International research collaboration shows influence of iodine chemistry on formation of new particles in marine atmosphere and recycling of iodine during particle growth

The natural cycling of materials between the biosphere and the atmosphere is of great importance to the Earth’s climate system. The best known example is the cycling of carbon between the atmosphere, the land biosphere and the ocean. It is essentially responsible for life-friendly mean temperatures at the Earth’s surface. But other elemental cycles also play an important role, such as that of sulfur. It is thought that the release of sulfur compounds by phytoplankton into the marine atmosphere creates water vapor condensation nuclei, leading to cloud formation - and thus a natural feedback effect exists that could ultimately stabilize Earth’s surface temperature. Now, an international research team has identified another element that is also linked to marine algae and shows remarkable interlocking cyclic reactions in the marine atmosphere - iodine. The findings were published in the journal Proceedings of the National Academy of Sciences (PNAS).

Iodine belongs to the halogens, a group of elements that occur in large quantities in seawater. Although the iodine concentration is much lower than, for example, the chlorine concentration in the form of sea salt, iodine shows some chemical peculiarities. "Initially, the mechanism is similar to the sulfur cycle," explains Thorsten Hoffmann of Johannes Gutenberg University Mainz (JGU). Phytoplankton convert iodate present in seawater into iodide, probably to use iodide as a simple inorganic antioxidant to protect the cell walls of marine algae. However, iodide also reacts with atmospheric ozone at the sea surface to release molecular iodine. Through a series of rapid atmospheric reactions, this molecular iodine forms iodine oxides, which have an exceptionally high potential to form aerosol particles. "These particles can grow into larger particles and then serve as cloud condensation nuclei, influencing cloud formation," Hoffmann said, describing the process. "However, in the case of iodine, unlike sulfur, the process does not end here."

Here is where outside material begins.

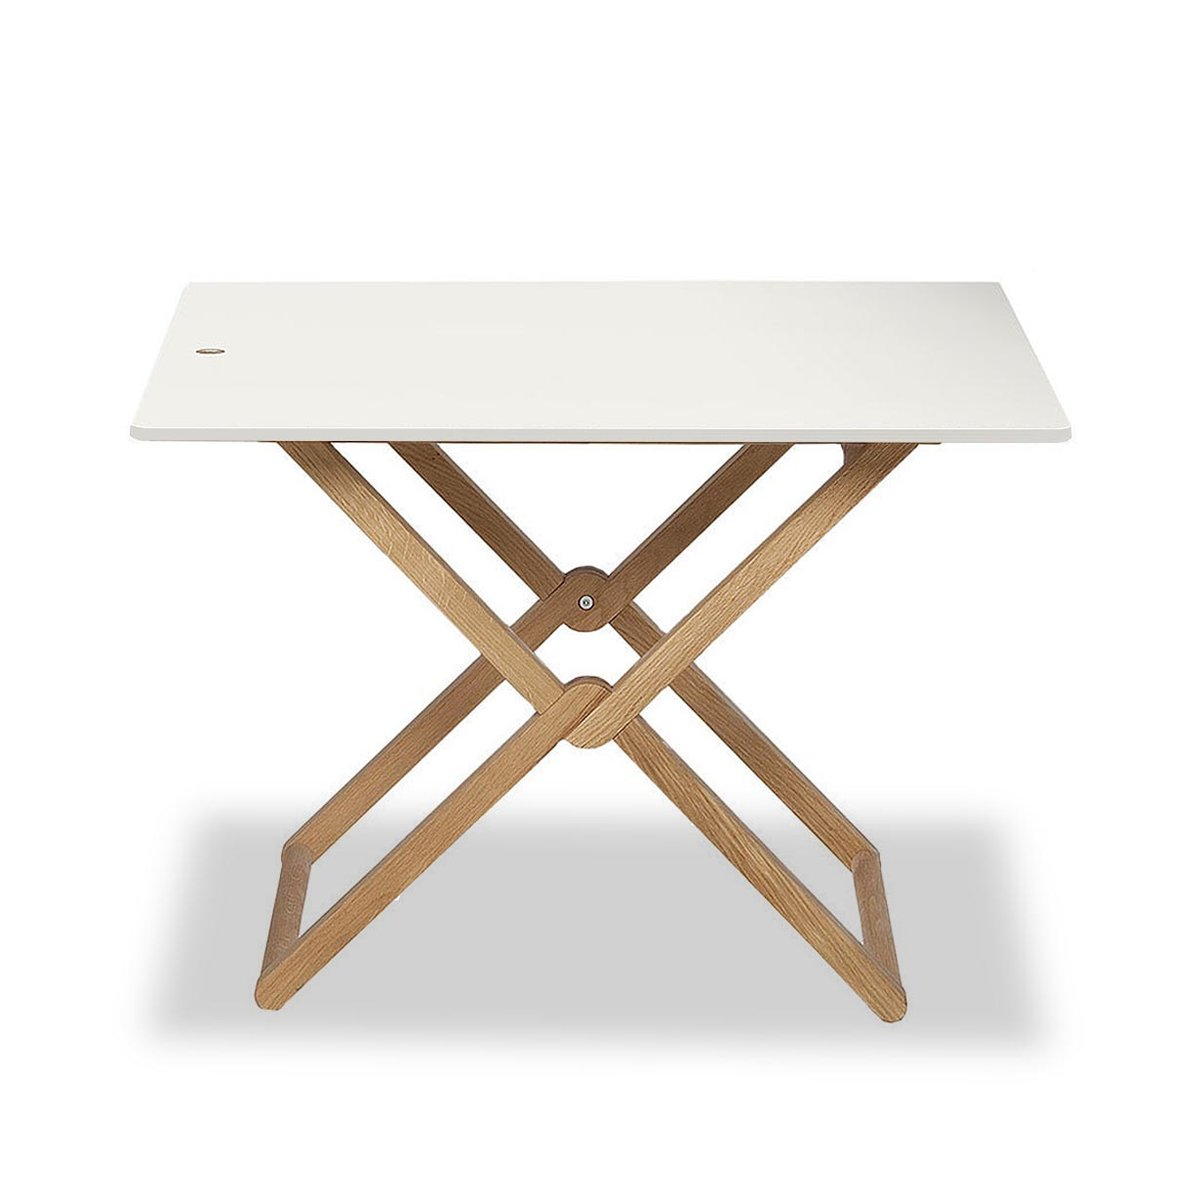 Low Fold Away Coffee Table: Treee Square Folding Coffee Table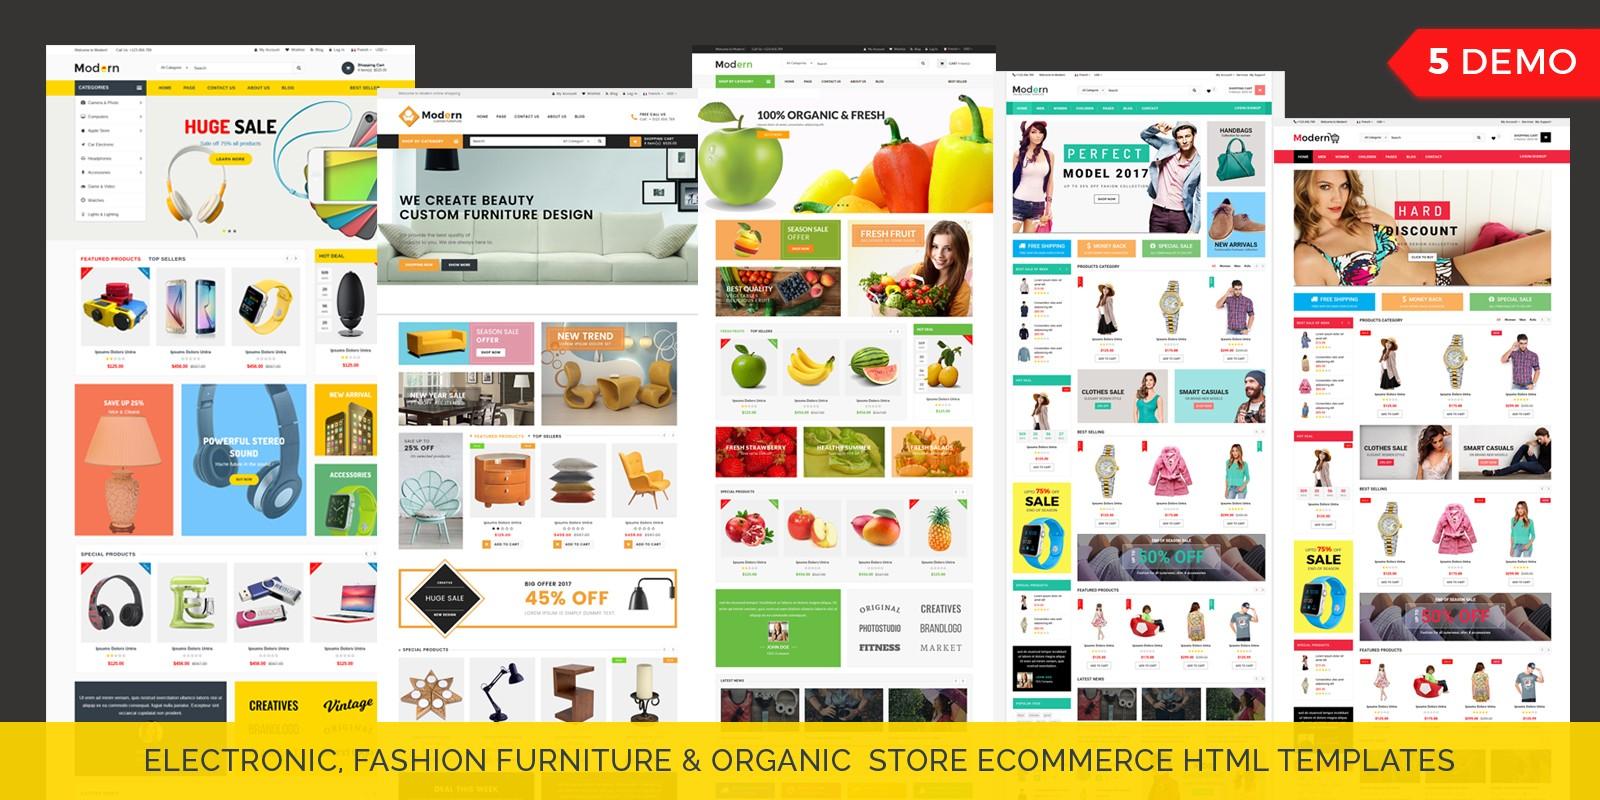 Modern - Multipurpose Website Template

Iodine as a catalyst for new particle formation?

In the PNAS study, the authors show how molecular iodine is formed again in growing atmospheric particles from previously formed iodine oxides and released into the gas phase. "As far as we know today, iodine is the only element that does not leave the atmosphere again after being released from the Earth’s surface, but can be returned to the gas phase through redox reactions in the particle phase," said Hoffmann, a professor in the Department of Chemistry at JGU. Thus, iodine could play an important catalytic role in the formation of cloud condensation nuclei. A number of unresolved questions remain, such as how human activities, which intervene at various points in this mechanism, influence the unique material cycle of iodine in the Earth system.

In addition to researchers from JGU, scientists from the Chinese Academy of Sciences, the California Institute of Technology in Pasadena (Caltech) and the University of Galway were involved in the work.